Polar sophistiqué et maniériste par excellence, le premier film tourné aux States par le coréen Park Chan-Wook est une putain de claque cinématographique.
Thriller polymorphe, à la fois jeu de massacre, chronique adolescente, film à suspens glacial, c'est un chef d'oeuvre formel aussi bien que thématique. Débordant d'idées, le film est suffisamment dense pour réussir à canaliser l'audacité visuelle de Park Chan-Wook, ce qui n'était pas toujours le cas par le passé (Lady vengeance).
L'intrigue est retorse et forme un puzzle passionnant et riche. C'est racé, c'est élégant, on sent le fantôme du Hitchcock de l'Ombre d'un Doute roder dans les coins, et en même temps l'agressivité visuelle et thématique débouche sur une vraie modernité.
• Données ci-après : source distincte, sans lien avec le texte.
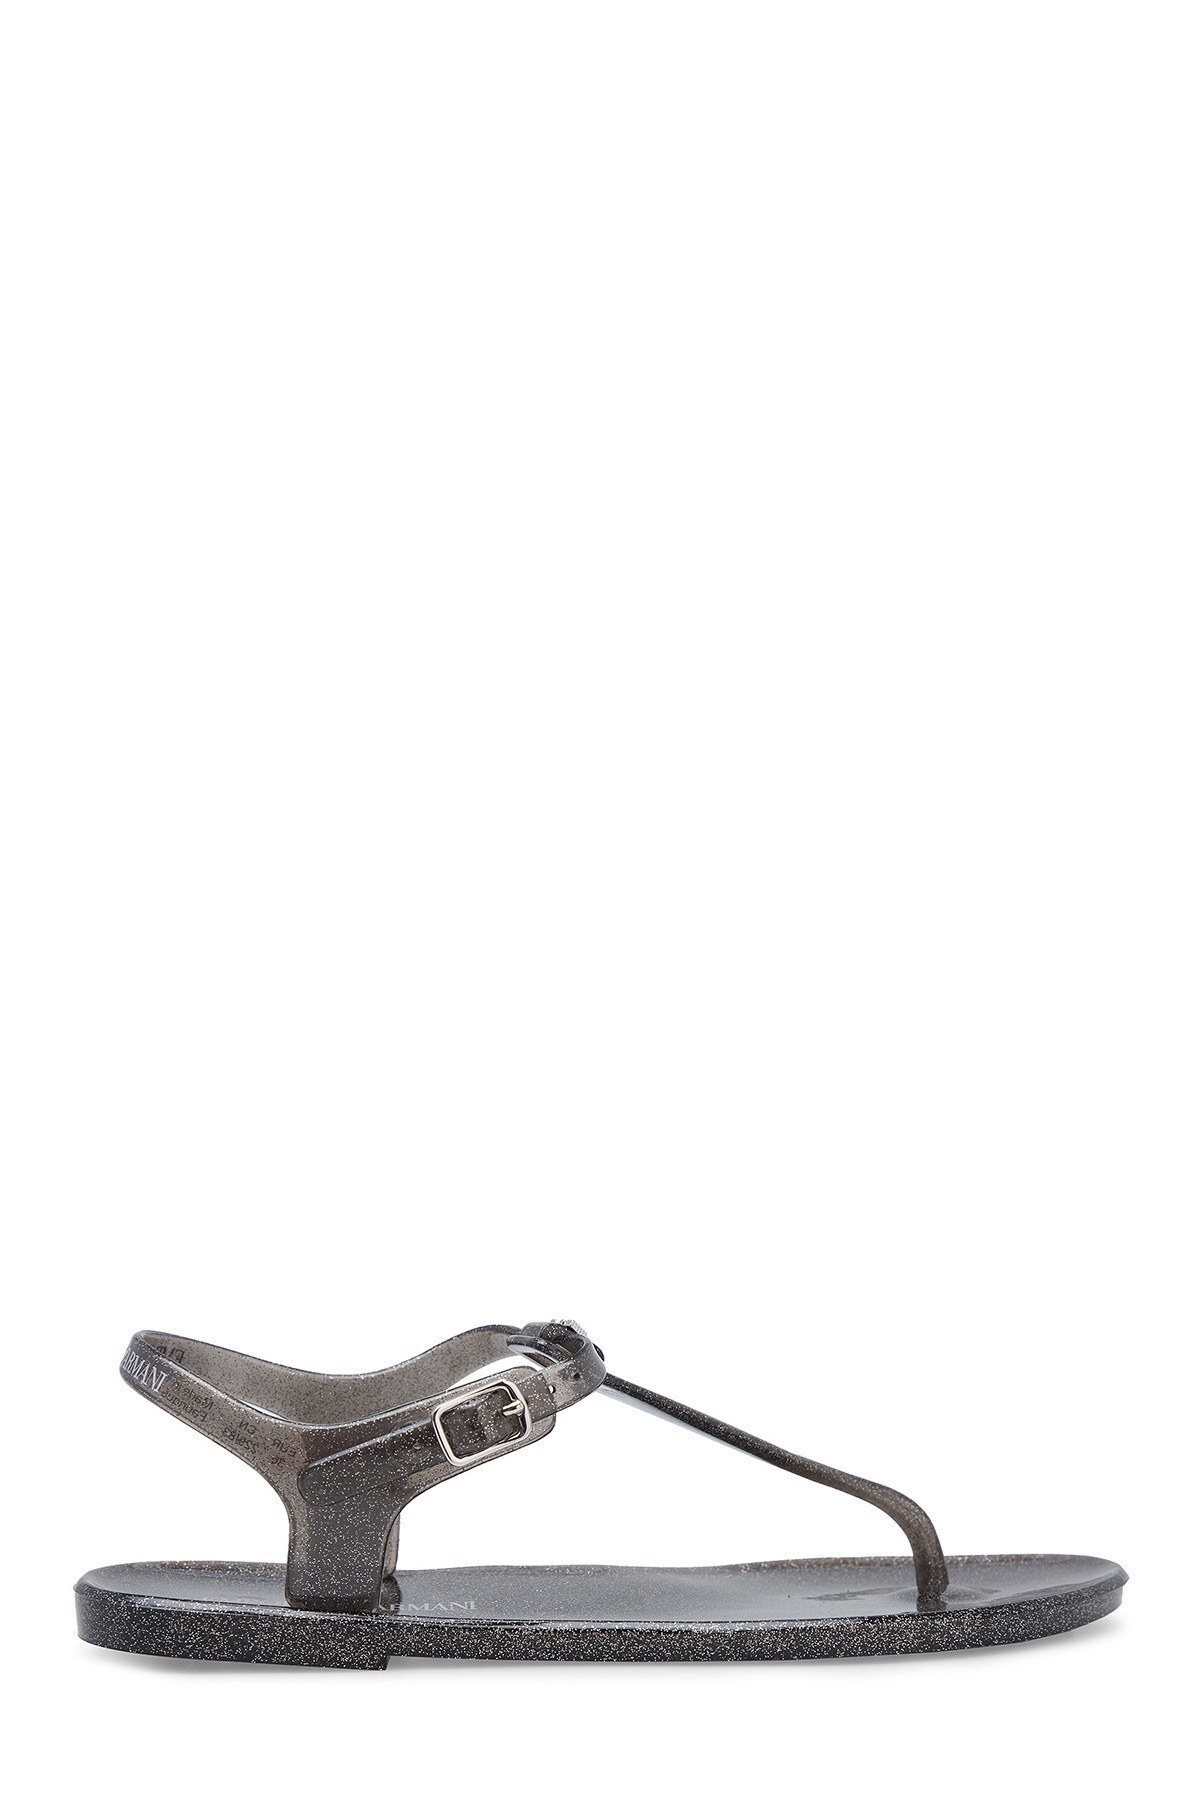 Emporio Armani Kadın Sandalet X3QS06 XL816 M603 SİYAH-GÜMÜŞ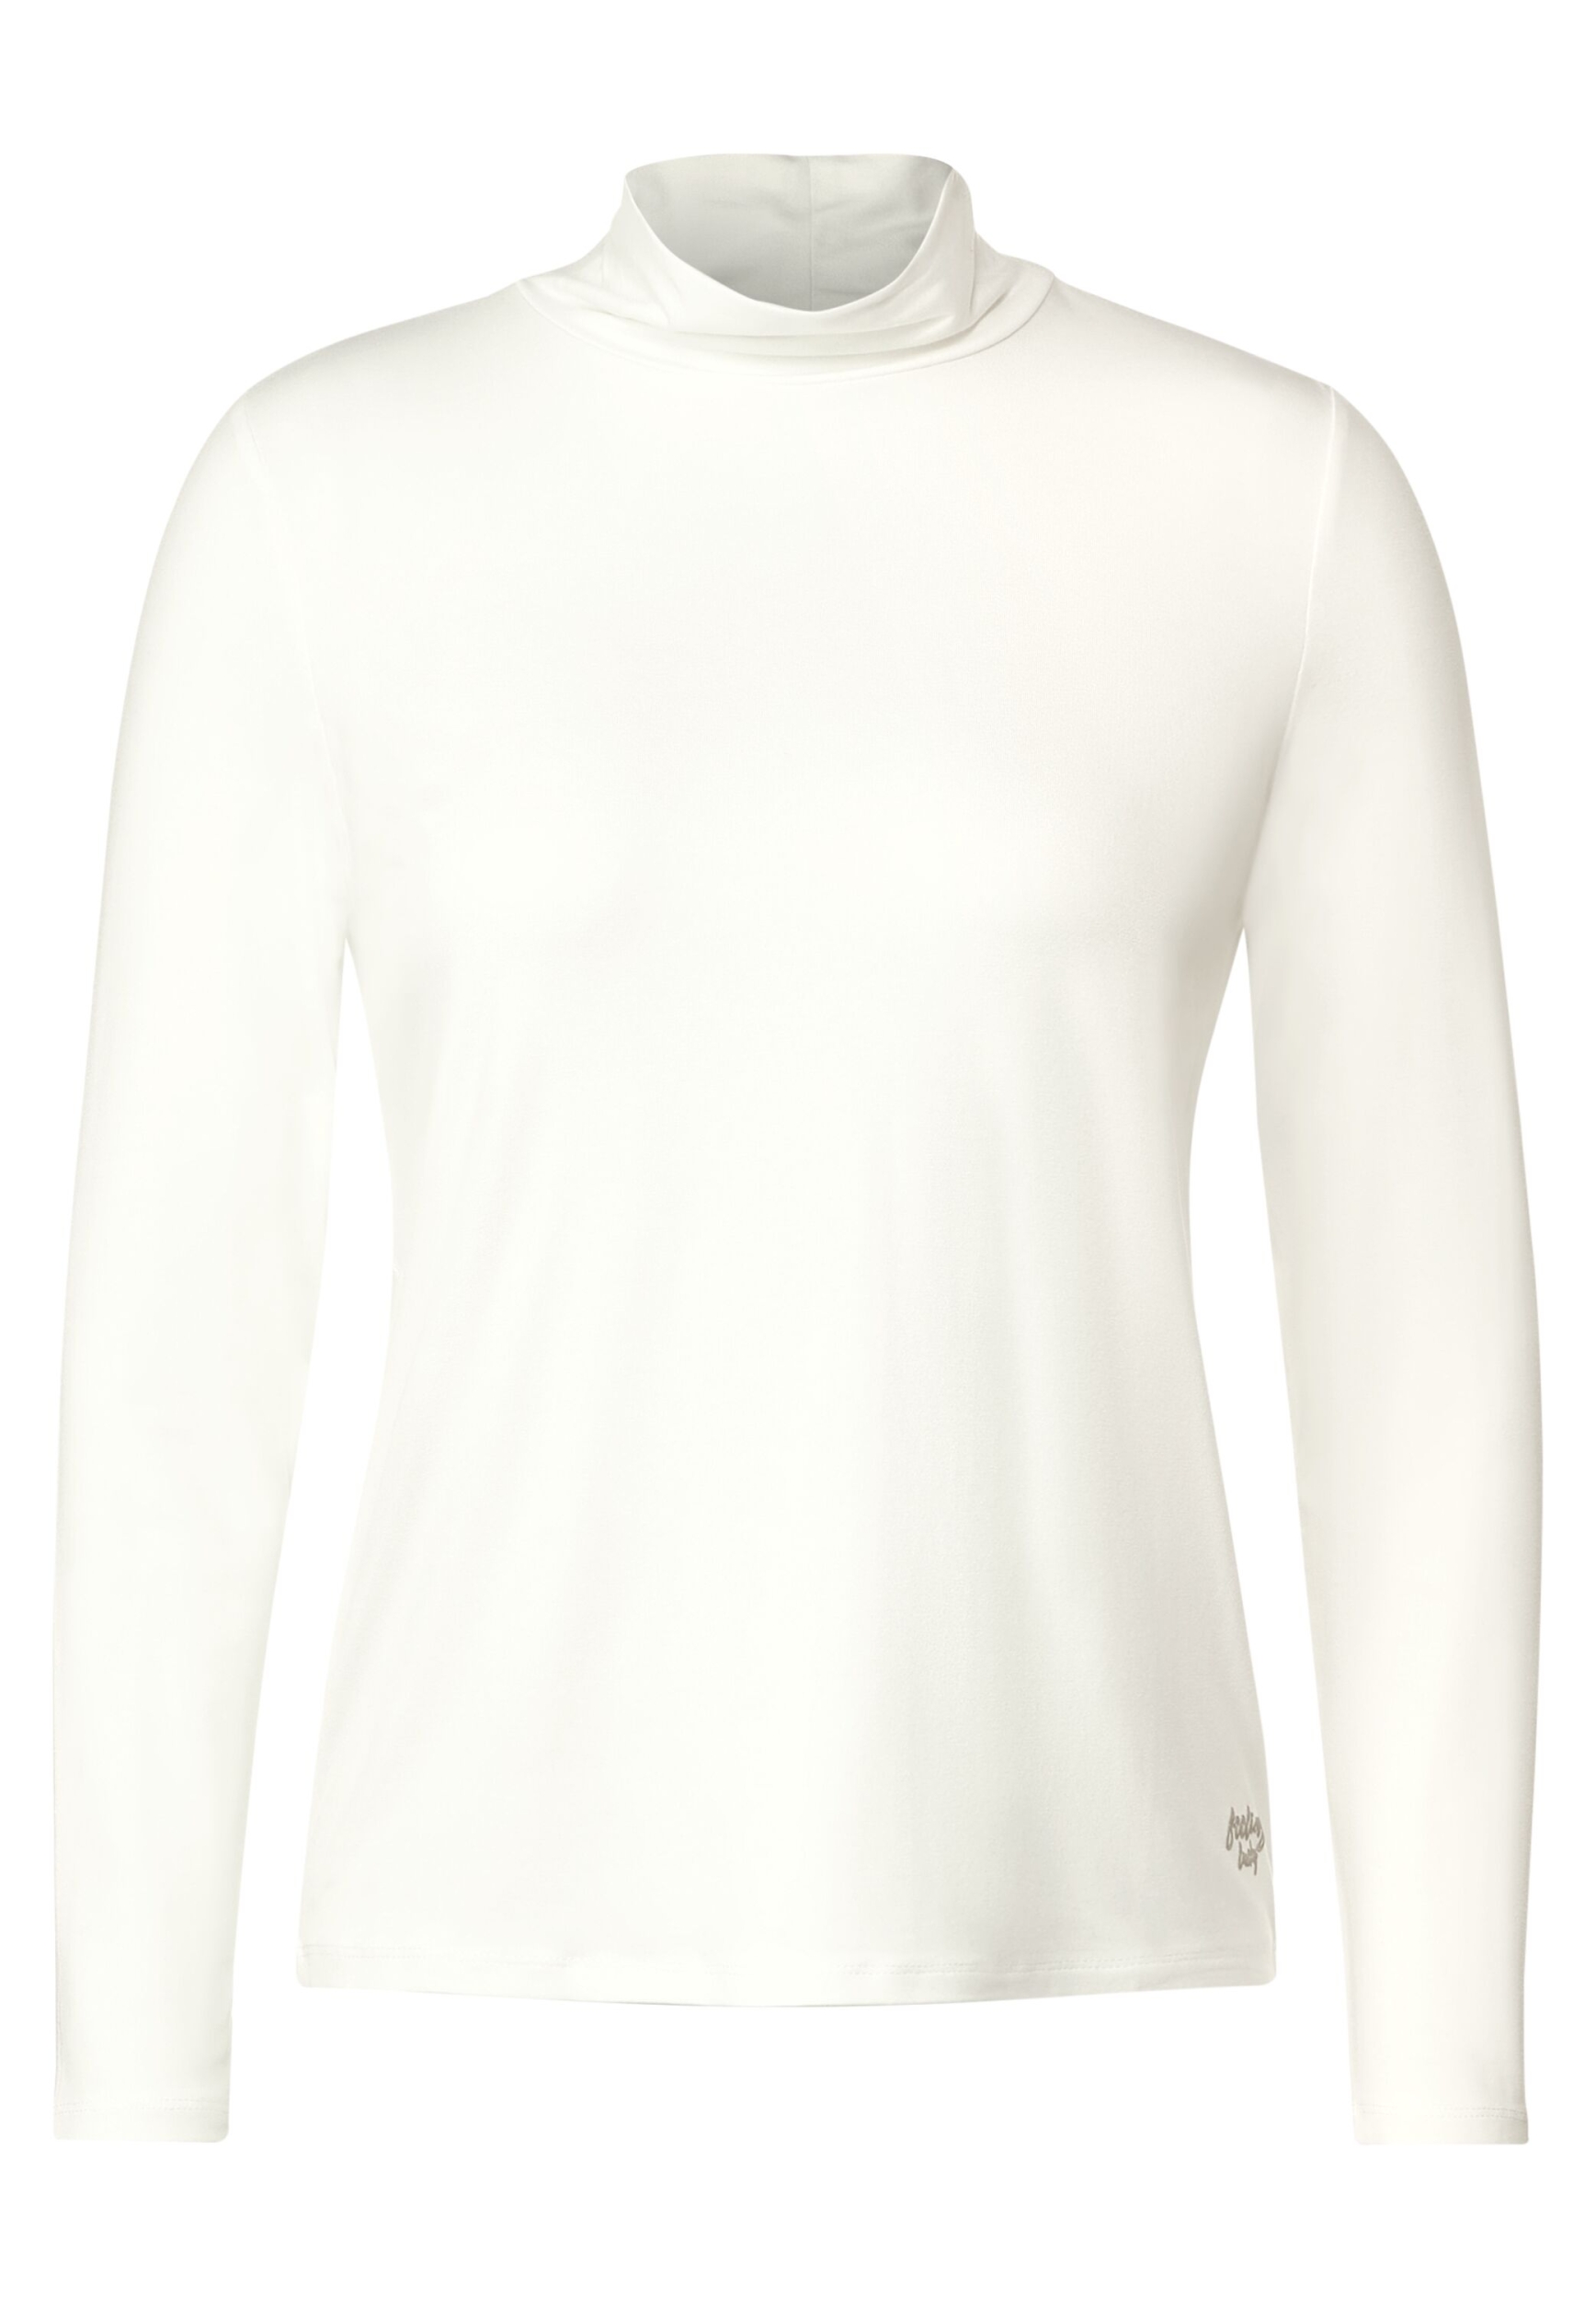 Rollkragen Langarmshirt | M | vanilla white | B320540-13474-M

Tout est aux petits oignons, les costumes comme la B.O hypnotique du génial Clint Mansell, insurpassable pour apporter un climat anxiogène et obsessionnel.
La séquence du duet au piano (composition de Philip Glass) exécuté à l'unisson par la fille Stoker et son sulfureux oncle est d'ailleurs une merveille d'ambiguïté.
Provocateur, Stoker l'est assurément, forçant le spectateur à reconstituer le fil des événements et la force de leurs non-dits, les implications de telles ellipses ou choix de mise en scène.
Car derrière une façade classieuse comme jamais, le fond est résolument pervers, riche en tension érotique, en rapports vénéneux. C'est juste irrésistible.